Estos hechos pasaban en cada una de las ciudades que Jesús visitaba, Él se encontraba con ellos a su paso. No había un lugar en el que el Señor permaneciera indiferente a las necesidades humanas. Vemos el ejemplo cuando Jesús pasó a la otra ciudad donde allí se encontró al endemoniado gadareno, este hombre tenía ya mucho tiempo en esta condición, pero un día llegó su milagro. Fue sanado por Jesús, el cual le pidió que se fuera a casa y diera el testimonio de que el Padre tuvo misericordia de él. Este hombre hizo así y contó a todos lo que Jesús había hecho con él, y aquel testimonio se convirtió en una poderosa predicación sin palabras escritas, solo con la evidencia de una vida transformada.

Entonces les tocó los ojos,

diciendo: Conforme a vuestra fe os sea hecho.

Mateo 9:29

A veces en nuestro alrededor tenemos personas que desde su nacimiento son ciegos, otros cojos, sordos, mudos, que en toda su vida no han podido tener un milagro. Vivimos rodeados de necesidades que nos recuerdan cuán frágil es la vida humana. Pero también tenemos a otras que esas enfermedades les han tomado por sorpresa y que también en un determinado momento han sido sanadas por Dios. En ambos casos, la enseñanza es clara: no importa si la carga ha estado desde el inicio de la vida o apareció de repente, el poder de Cristo es suficiente para traer sanidad y restauración.

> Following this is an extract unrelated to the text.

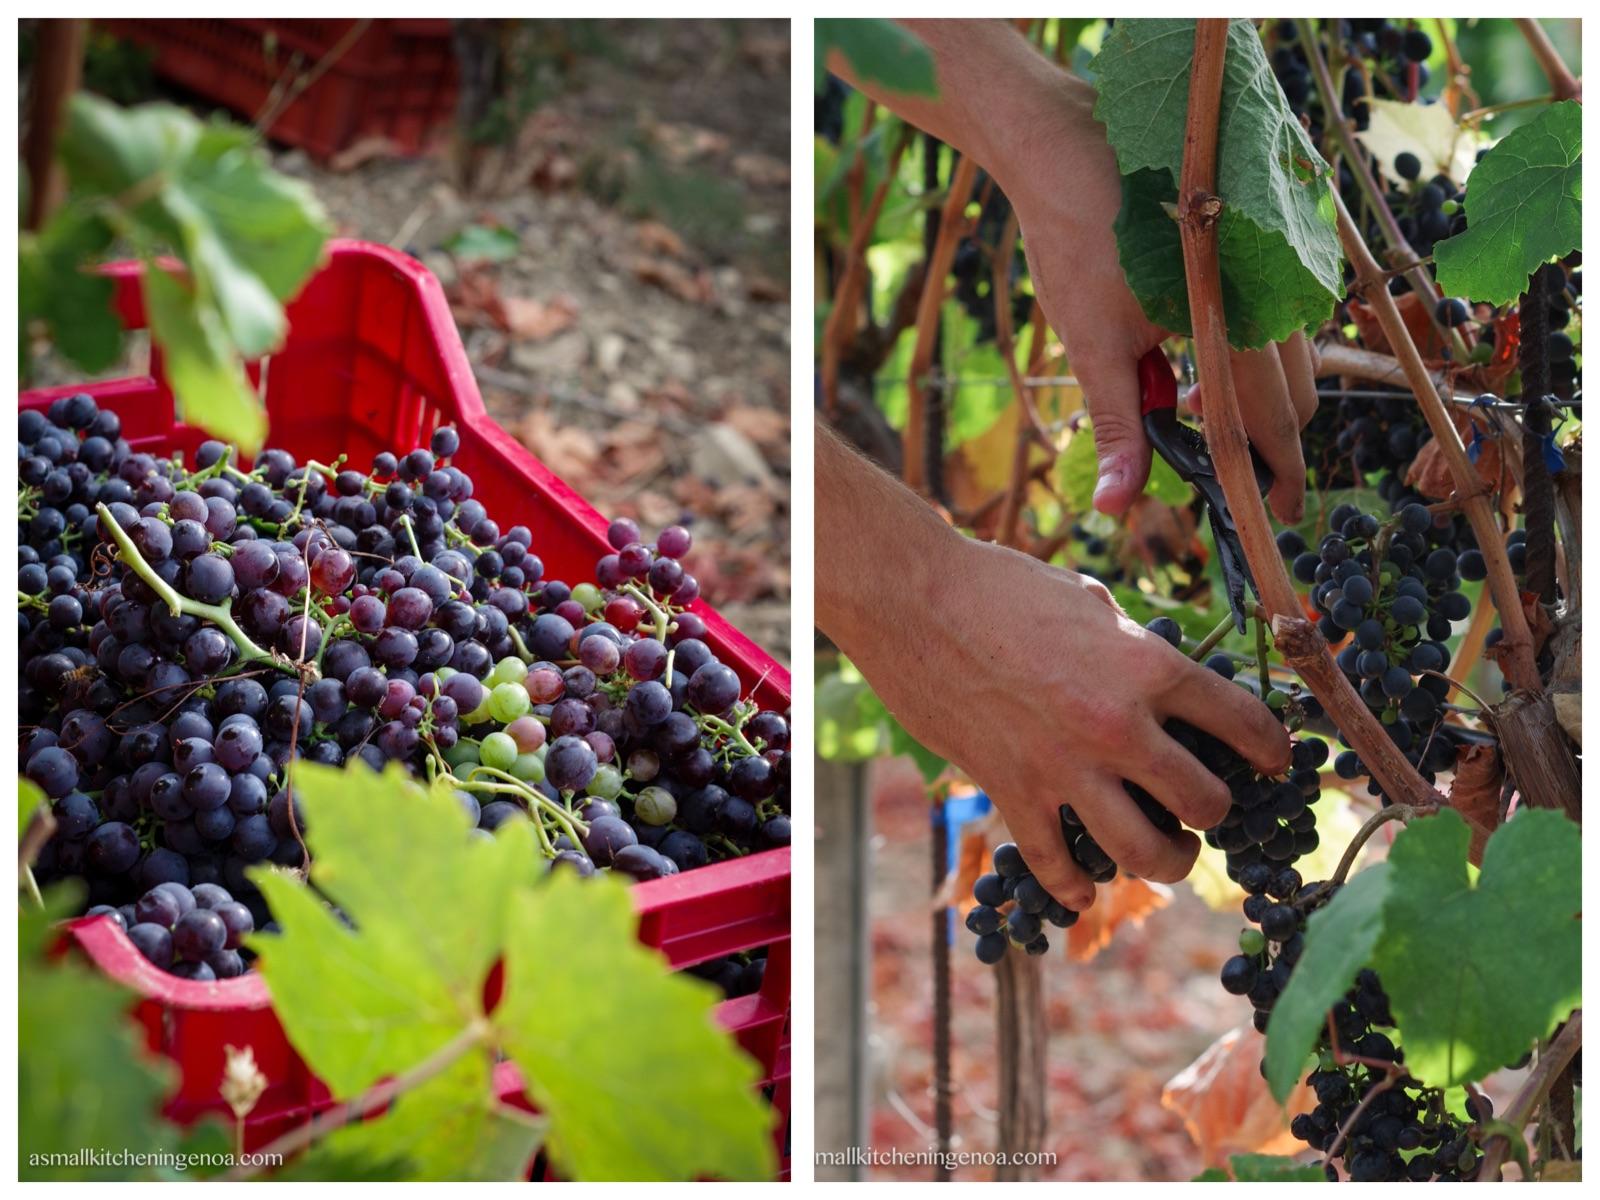 Italian Riviera wines and grapevine varieties

Y los ojos de ellos fueron abiertos.

Y Jesús les encargó rigurosamente,

diciendo: Mirad que nadie lo sepa.

Mateo 9:30

Había momentos en los cuales Jesús les decía a personas que tenían algún tipo de padecimiento que Él sanaba, y luego les pedía que no contaran a nadie. Una cosa pasaba, y era que había personas que no creían el milagro que Jesús hacía. Ellos eran espectadores incrédulos, miraban pero no entendían. Aun así, los milagros cumplían un propósito mayor: confirmar que Cristo era el Hijo de Dios y que el reino de los cielos se había acercado. Cada sanidad no era solo una muestra de poder, sino también una invitación a creer.

Pero salidos ellos,

divulgaron la fama de él por toda aquella tierra.

Mateo 9:31

Esto pasó debido a que todas las personas que recibían un milagro lo divulgaban con sus amigos, familiares y conocidos. No podían contener la alegría de contar lo que Cristo había hecho en sus vidas. En verdad, este hecho de que le conociera mucha gente no le hacía daño, porque Él aprovechaba para dar sus sermones y enseñar la verdad del evangelio. Cada multitud que se reunía era una oportunidad divina para que escucharan la poderosa Palabra del Maestro. Muchos llegaban buscando sanidad física, pero terminaban encontrando algo mucho mayor: la salvación de sus almas.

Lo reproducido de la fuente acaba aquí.